Opens the checker for this claim type. Paste your vendor's exact wording there. Evidence questions only — not a blacklist or fraud detector. Not sure what a result looks like? See a sample receipt.
Sources this guide draws from
- · September 25, 2024
Source for AI-powered business-opportunity and income claim evidence.
- · April 22, 2025
Source for AI-powered accessibility compliance claim evidence.
- · December 3, 2024
Source for facial recognition accuracy, bias, training-data, and anti-spoofing claim evidence.
Public claims with documented evidence gaps
"stores producing five-figure monthly income by the second year"
ROI / Outcome- Source and date
- FTC Operation AI Comply announcement · September 25, 2024
- Evidence signal
- Projected monthly income wording tied to AI-powered ecommerce tools without visible customer result distribution.
- Evidence gap
- The buyer needs the customer sample, total cost basis, median outcome, loss rate, time period, and evidence that the AI component caused the result.
- Buyer question
- For the five-figure monthly income claim, what median customer result and loss-rate data supports the outcome after all costs?
"make any website compliant with WCAG"
Compliance / Safety- Source and date
- FTC accessiBe · April 22, 2025
- Evidence signal
- Broad automated compliance result with no visible scope limit.
- Evidence gap
- The buyer needs the WCAG version, issue categories tested, audit method, manual remediation boundary, and maintenance responsibility.
- Buyer question
- For the any website compliant claim, which WCAG criteria are automated and which still require manual review?
"system can't be tricked by a photo or video image"
Accuracy / Performance- Source and date
- FTC IntelliVision · December 3, 2024
- Evidence signal
- Anti-spoofing wording with no visible attack-type or test-method boundary.
- Evidence gap
- The buyer needs spoofing attack types tested, field conditions, success rate, model version, update cadence, and known limitations.
- Buyer question
- For the can't-be-tricked claim, which photo, video, mask, replay, or presentation attacks were tested?

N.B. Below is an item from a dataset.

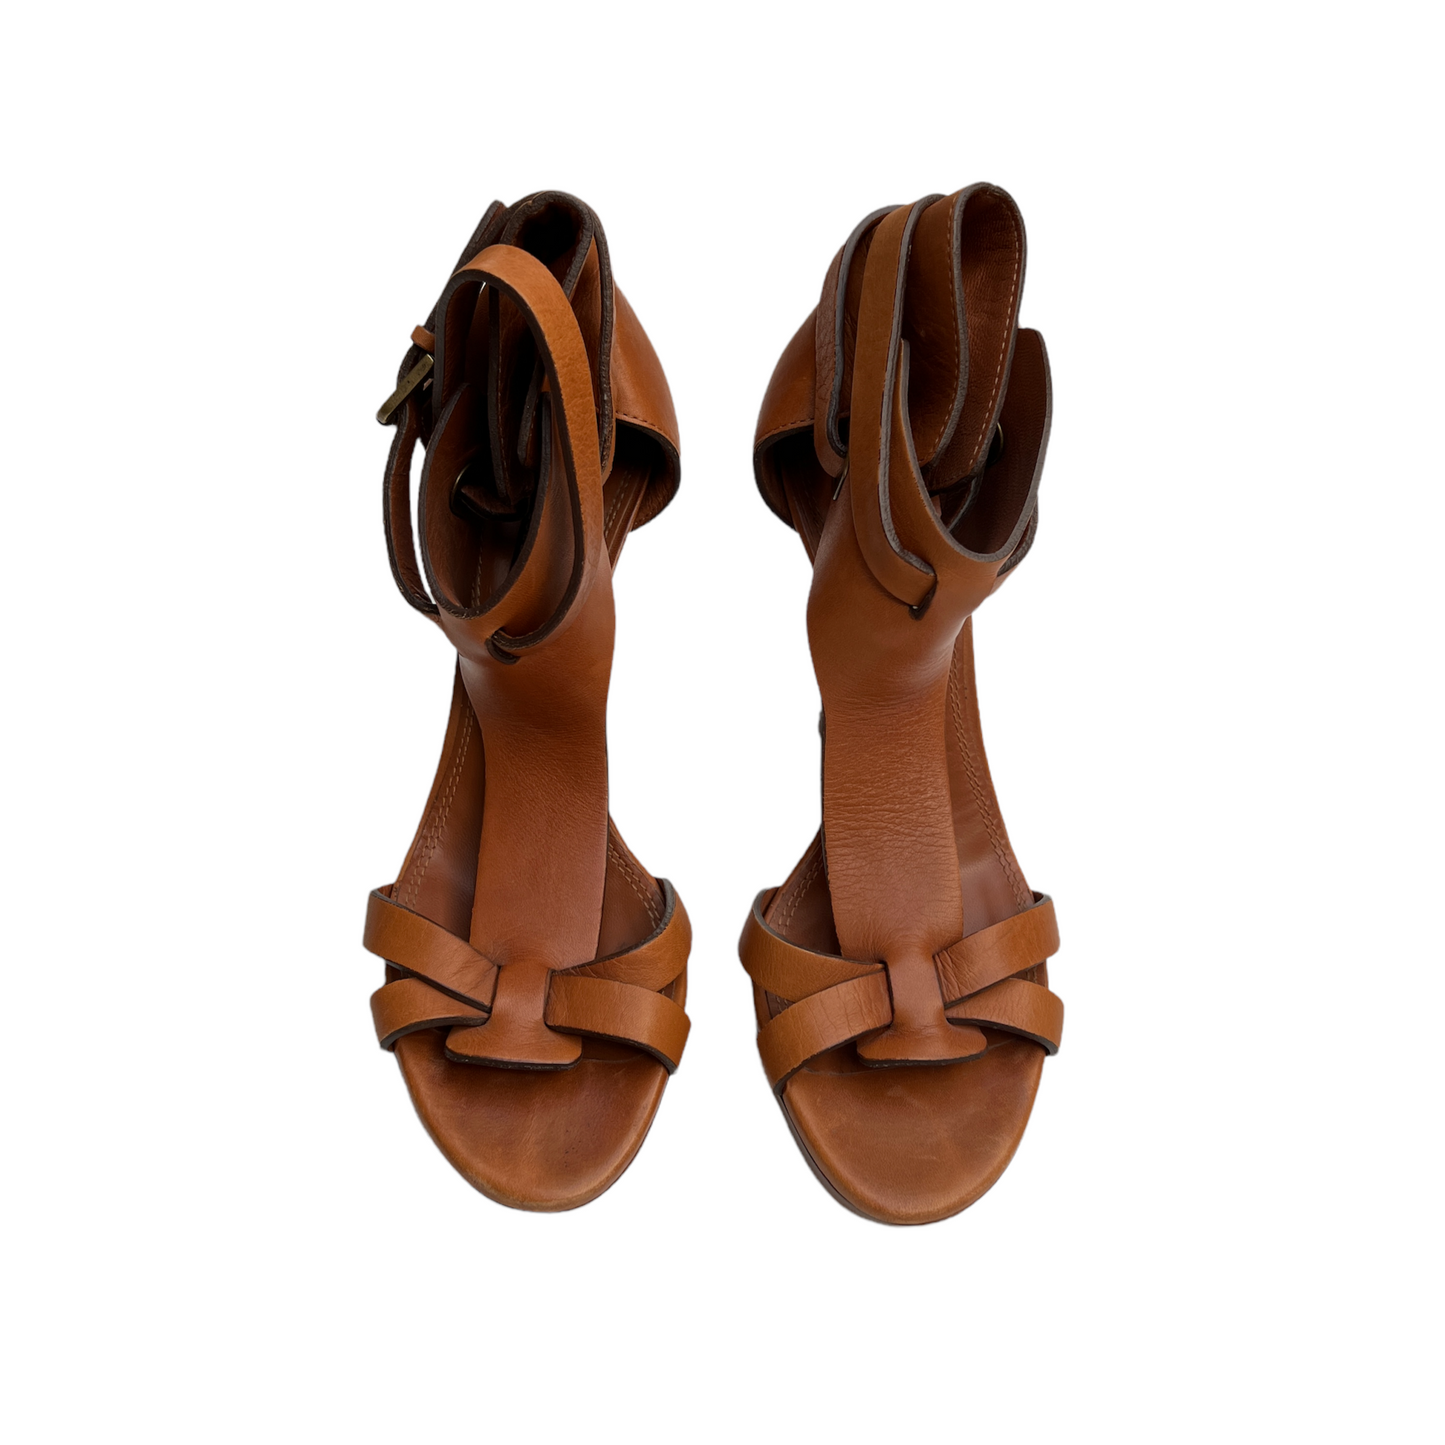 Tan Heeled Sandals - 6.5

"no bias in recognition across all demographics"
Accuracy / Performance- Source and date
- FTC IntelliVision press release · December 3, 2024
- Evidence signal
- Zero-bias claim applied to all demographic groups without visible subgroup error rates, test population, or independent audit.
- Evidence gap
- The FTC found IntelliVision made demographic accuracy claims without the subgroup-level data needed to support them. A buyer needs false acceptance and false rejection rates by demographic group, the dataset used for bias testing, the performance gap between the best- and worst-performing subgroups, and whether testing was conducted internally or by an independent lab.
- Buyer question
- For the no-bias claim, which demographic groups were tested, what were the false acceptance and false rejection rates by group, and who conducted the bias evaluation?
Match each claim pattern to the evidence buyers need
| Claim pattern | Evidence needed | Buyer question |
|---|---|---|
| Accuracy or performance number | Benchmark source, sample size, input categories, model versions, error rates, and date tested. | Does the test match the same content, user, and workflow where we would rely on the product? |
| Compliance or safety result | Standard version, audit scope, issue coverage, exclusions, remediation steps, and maintenance boundary. | Which part of the claimed compliance result is produced by AI and which part requires human review? |
| Bias-free, fair, or safe output claim | Subgroup metrics, test population, failure examples, review process, and update cadence. | What failure rate appears for each subgroup or high-risk input category? |
| Automation or replacement claim | Task boundary, escalation path, human review point, unsupported use cases, and quality checks. | Where does the automated workflow stop before a qualified person reviews or acts? |
Evidence to request
- The exact claim text and the date it appeared.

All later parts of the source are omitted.